Real Rhapsody In Blue

As a child, Julian Asher had a theory about the symphony concerts he attended with his parents. "I thought they turned down the lights so you could see the colors better," he says, describing the "Fantasia"-like scenes that danced before his eyes. Asher wasn't hallucinating. He's a synesthete--a rare person for whom one type of sensory input (such as hearing music) evokes an additional one (such as seeing colors). In Asher's ever-shifting vision, violins appear as a rich burgundy, pianos a deep royal purple and cellos "the mellow gold of liquid honey."

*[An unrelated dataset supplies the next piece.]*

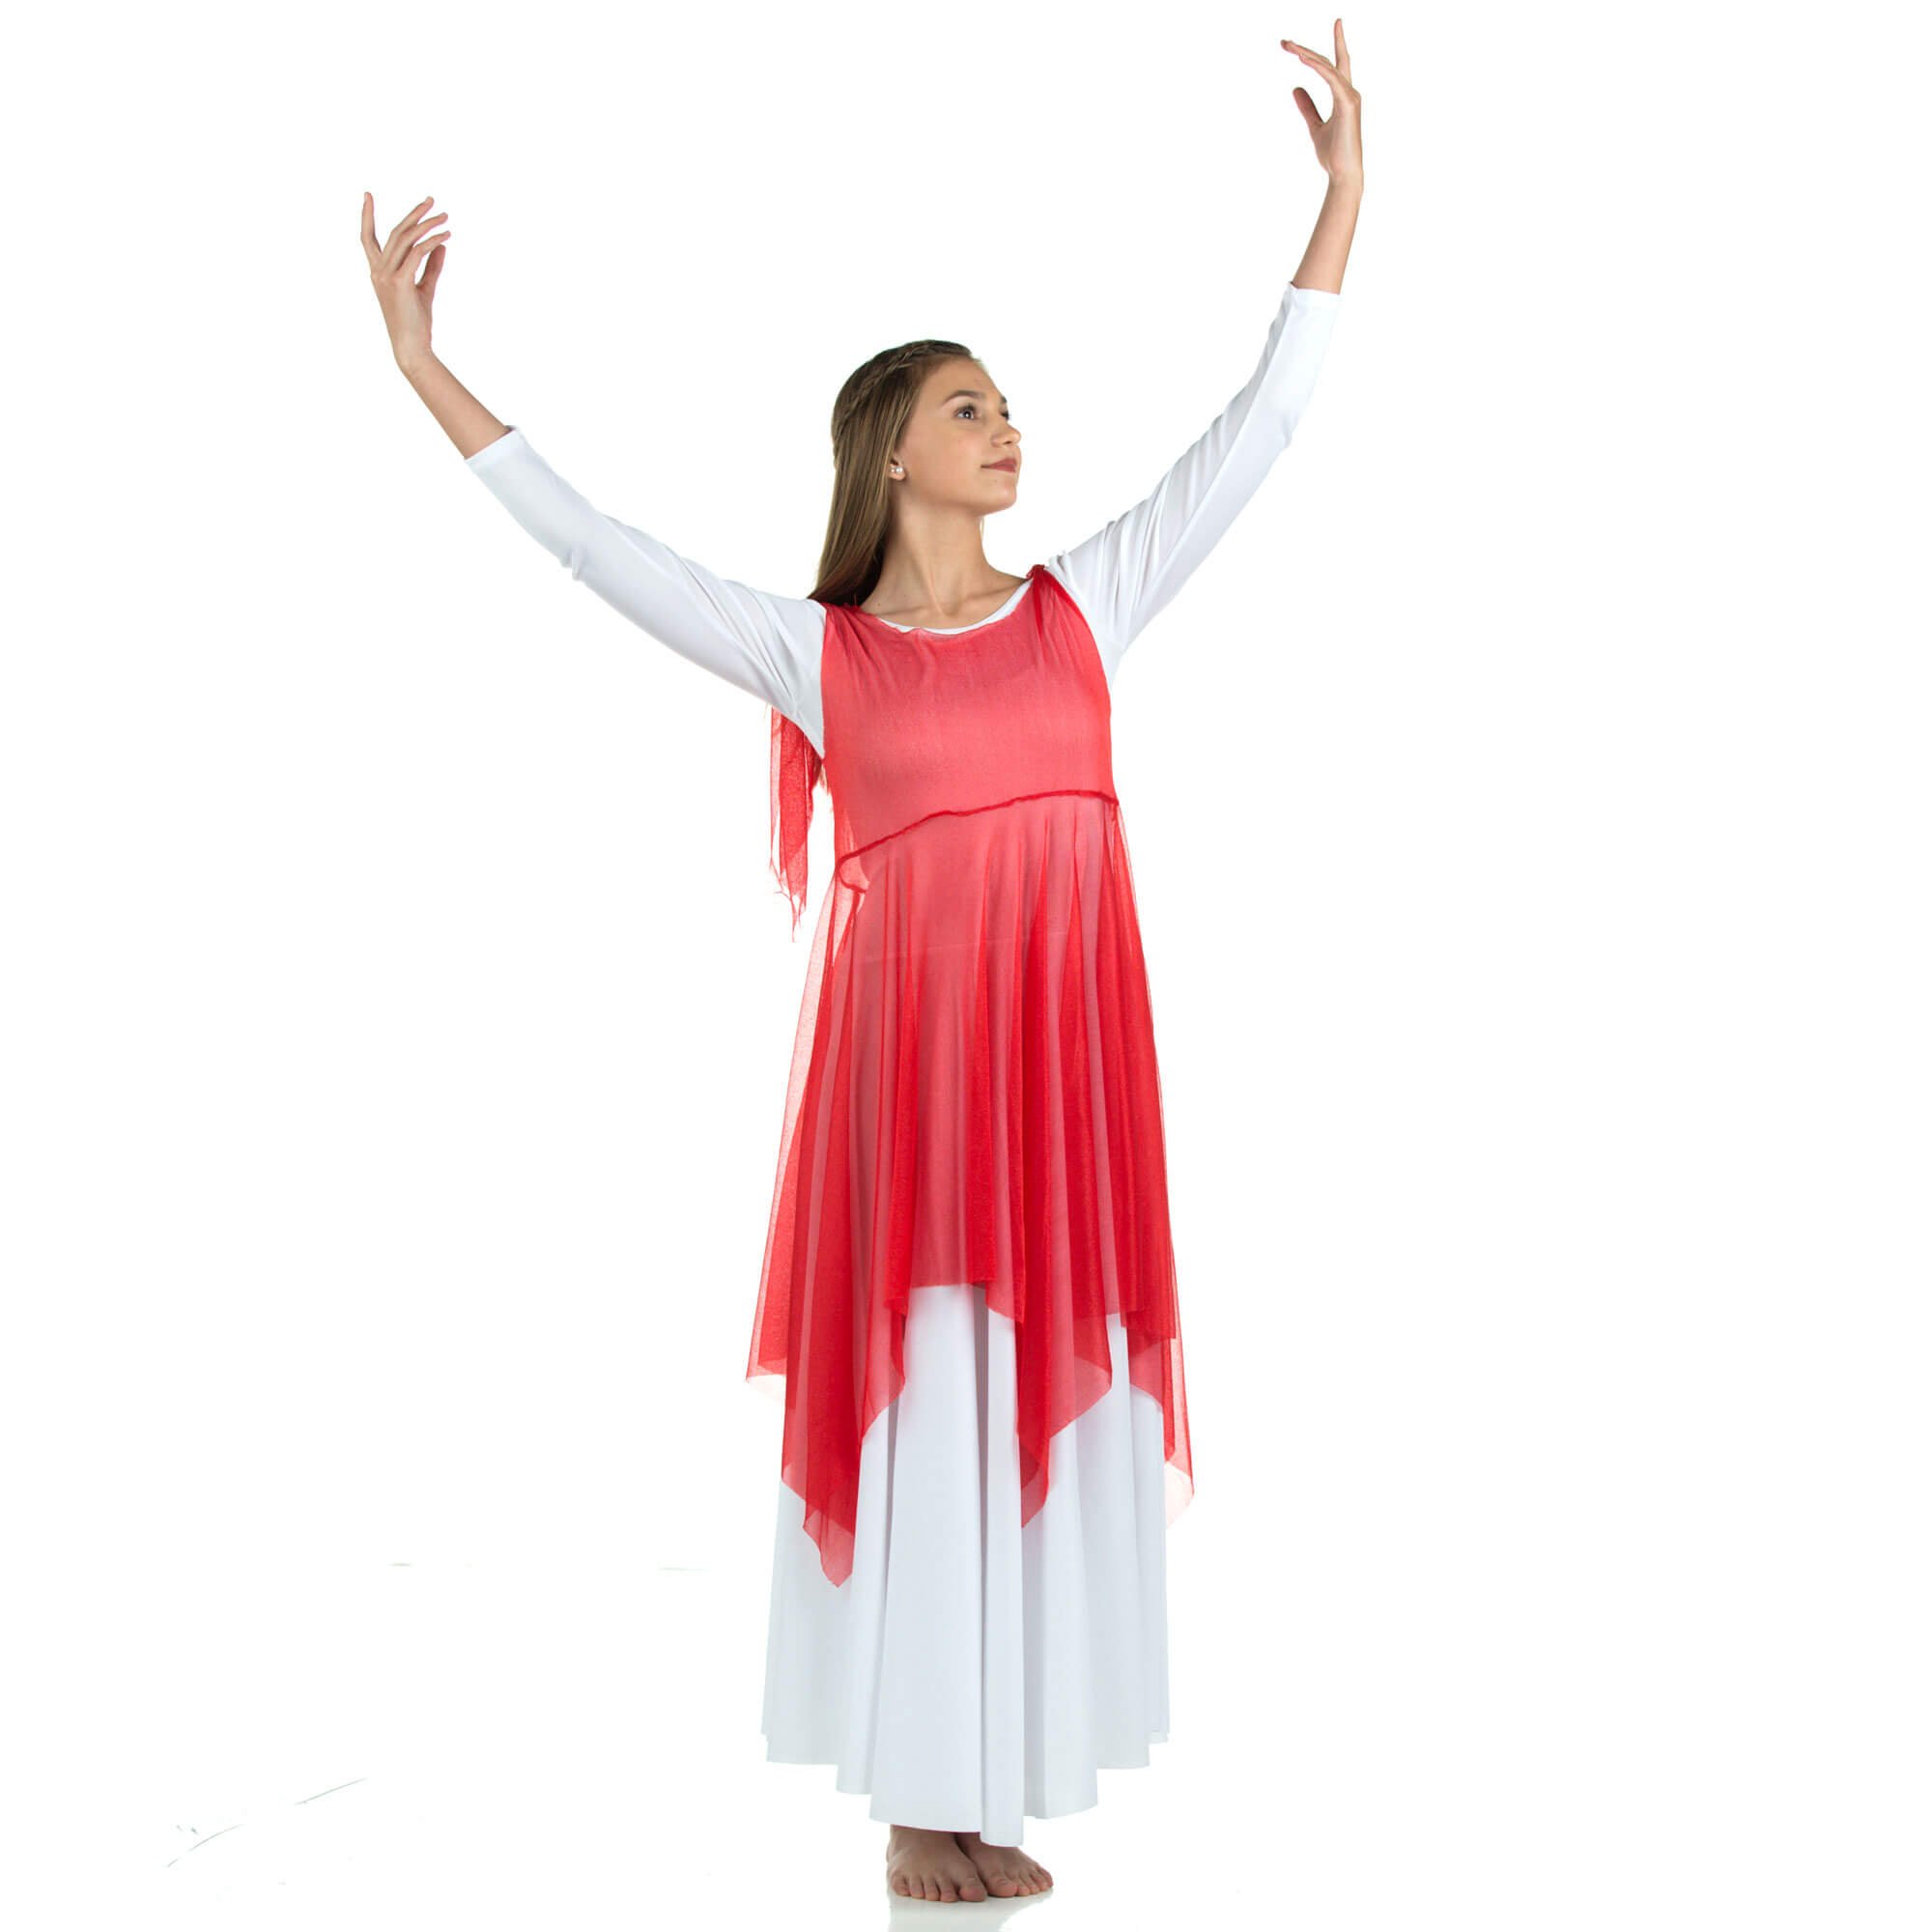 Danzcue Crepe Praise Dance Overdress (leotard not included) - Click Image to Close

It wasn't until Asher began studying neuroscience at Harvard six years ago that he learned there was a name for this phenomenon--synesthesia, from the Greek roots syn (together) and aesthesis (perception). Almost any two senses can be combined. Sights can have sounds, sounds can have tastes and, more commonly, black-and-white numbers and letters can appear colored. For Patricia Lynne Duffy, author of "Blue Cats and Chartreuse Kittens," five plus two equals green: her color for seven. Sound crazy? For most of the last century, scientists dismissed synesthesia as the product of overactive imaginations. But in recent years they've done an abrupt about-face, not only using modern technology to show that it's real but also studying it for clues to the brain's creativity. "Synesthesia is not a mere curiosity," says retired neurologist Richard Cytowic, who helped spur the current interest. "It's a window into an enormous expanse of the mind."

Scientists have devised ingenious tests to prove that synesthetes didn't simply invent their unusual associations. In a 2001 study, Dr. V. S. Ramachandran and Edward Hubbard of the University of California, San Diego, showed volunteers a display of black-and-white digital 2s hidden among 5s (illustration). Most people took several seconds to find all the 2s. To synesthetes, they popped out immediately in contrasting colors. "This proves that it's a real perceptual phenomenon," says Ramachandran. Brain scans are confirming the findings. At a Society for Neuroscience meeting in New Orleans two weeks ago, Colin Blakemore and Megan Steven of Oxford University showed that a key color-processing region of the brain really is being activated in one synesthete who says he sees colors when he hears certain words. "What makes this interesting is that he's been blind for 10 years," says Steven.

Why do people develop synesthesia? The truth is that no one knows. But scientists at Rockefeller and Cambridge universities are hunting for genes that may help unravel the mystery. Synesthetes may have unusually dense connections between sensory regions of the brain (the most common forms of synesthesia involve adjacent brain areas)--or perhaps their brains activate connections that are usually inhibited. Similar connections must exist in most of us. How else can we explain the temporary synesthesia that people experience on hallucinogenic drugs like LSD? "People don't suddenly grow new neural connections in half an hour," says Peter Grossenbacher, head of the Consciousness Laboratory at Naropa University in Boulder, Colo.

The implications are dramatic. It is possible that most of us not only have these connections but use them regularly, although at such a low level that we don't realize it consciously. After all, we describe subzero weather as "bitter" cold, while a taste like cheddar cheese may be "sharp" and a color like hot pink "loud." "Maybe metaphor, abstract thought and synesthesia all have a similar neural basis," says Ramachandran. Clearly, synesthesia is related to creativity. A new survey by Grossenbacher found that out of 84 synesthetes, 26 were professional artists, writers or musicians, and 44, serious amateurs. "Synesthesia for them is part and parcel of what ends up being a more expressive life," he says.

For artist Carol Steen, who paints the music she sees, it's also answered more prosaic questions, like: which type of recording produces richer sound--CD or vinyl? "Vinyl," she says. "The colors are more beautiful, as if someone gave them an extra shine." End of debate--the eyes have it.